1. In a process for producing electromagnetic silicon steel having a cube-on-edge orientation, a permeability of at least 1900 (G/O.sub.e) at 10 oersteds and a core loss of no more than 0.700 watts per pound at 17 kilogauss, which includes the steps of: preparing a melt of silicon steel consisting essentially of, by weight, from 0.02 to 0.06% carbon, from 0.015 to 0.15% manganese, from 0.01 to 0.05% of material from the group consisting of sulfur and selenium, from 0.0006 to 0.0080% boron, up to 0.0100% nitrogen, up to 1.0% copper, no more than 0.008% aluminum, from 2.5 to 4.0% silicon, balance iron; casting said steel; hot rolling said steel; cold rolling said steel; decarburizing said steel; applying a refractory oxide base coating to said steel; and final texture annealing said steel; the improvement comprising the steps of coating the surface of said steel with a refractory oxide base coating consisting essentially of:

(a) 100 parts, by weight, of at least one substance from the group consisting of oxides, hydroxides, carbonates and boron compounds of magnesium, calcium, aluminum and titanium;

(b) up to 100 parts, by weight, of other substances from the group consisting of boron and compounds thereof, said coating containing at least 0.5%, by weight, of boron;

(c) from 0.5 to 40 parts, by weight, of SiO.sub.2 added as colloidal silica;

(d) up to 20 parts, by weight, of inhibiting substances; and

(e) up to 10 parts, by weight of fluxing agents;

and final texture annealing said steel with said coating thereon; said steel's magnetic properties being in part, attributable to the inclusion of boron and SiO.sub.2 in the base coating.

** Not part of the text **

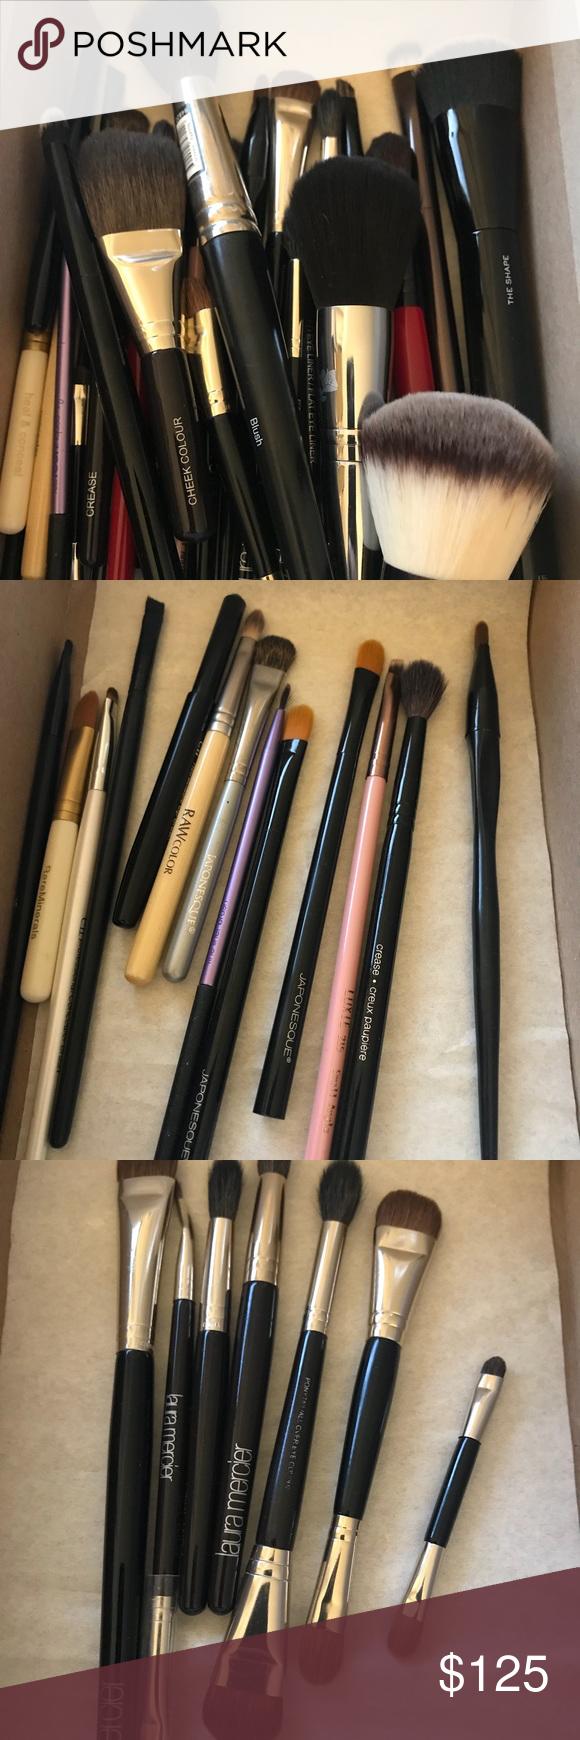 Marc jacobs Laura mercier Lancôme makeup brushes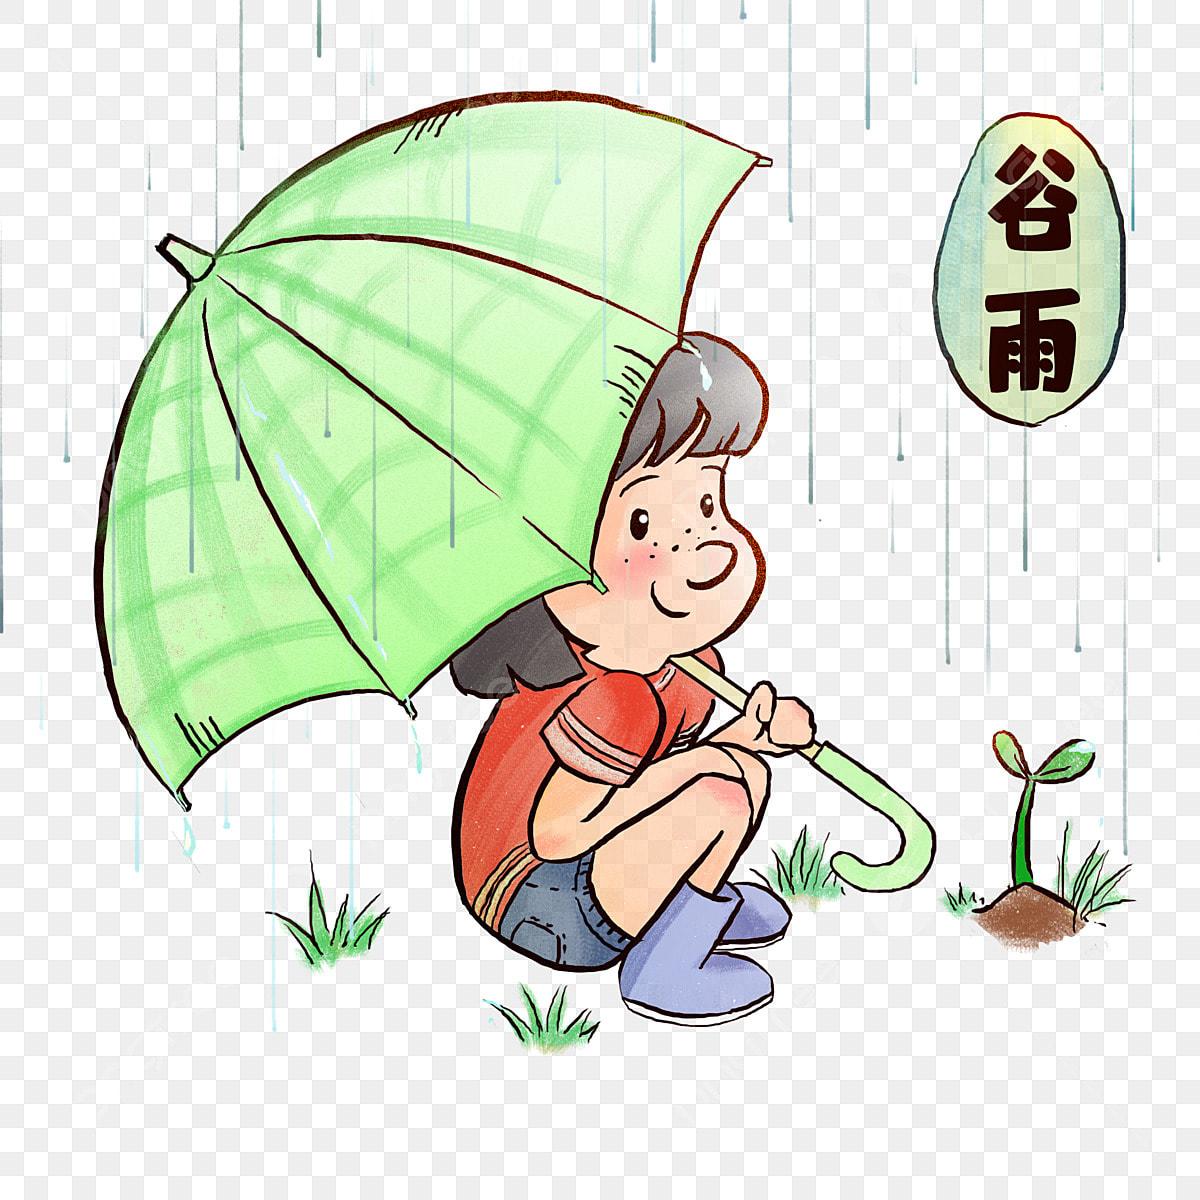 Illustration Du Caractère Gu Yu Aisselle De La Petite Fille

2. The process according to claim 1, wherein said melt has at least 0.0008% boron.

3. The improvement according to claim 2, wherein said coating has at least 3 parts, by weight, of SiO.sub.2.

4. The process according to claim 2, wherein said inhibiting substances are from the group consisting of sulfur, sulfur compounds, nitrogen compounds, selenium and selenium compounds.

5. The process according to claim 2, wherein said hot rolled steel has a thickness of from 0.050 to about 0.120 inch and wherein said hot rolled steel is cold rolled to a thickness of no more than 0.020 inch without an intermediate anneal between cold rolling passes.

6. A cube-on-edge oriented silicon steel having a permeability of at least 1900 (G/O.sub.e) at 10 oersteds and a core loss of no more than 0.700 watts per pound at 17 kilogauss, and made in accordance with the process of claim 2.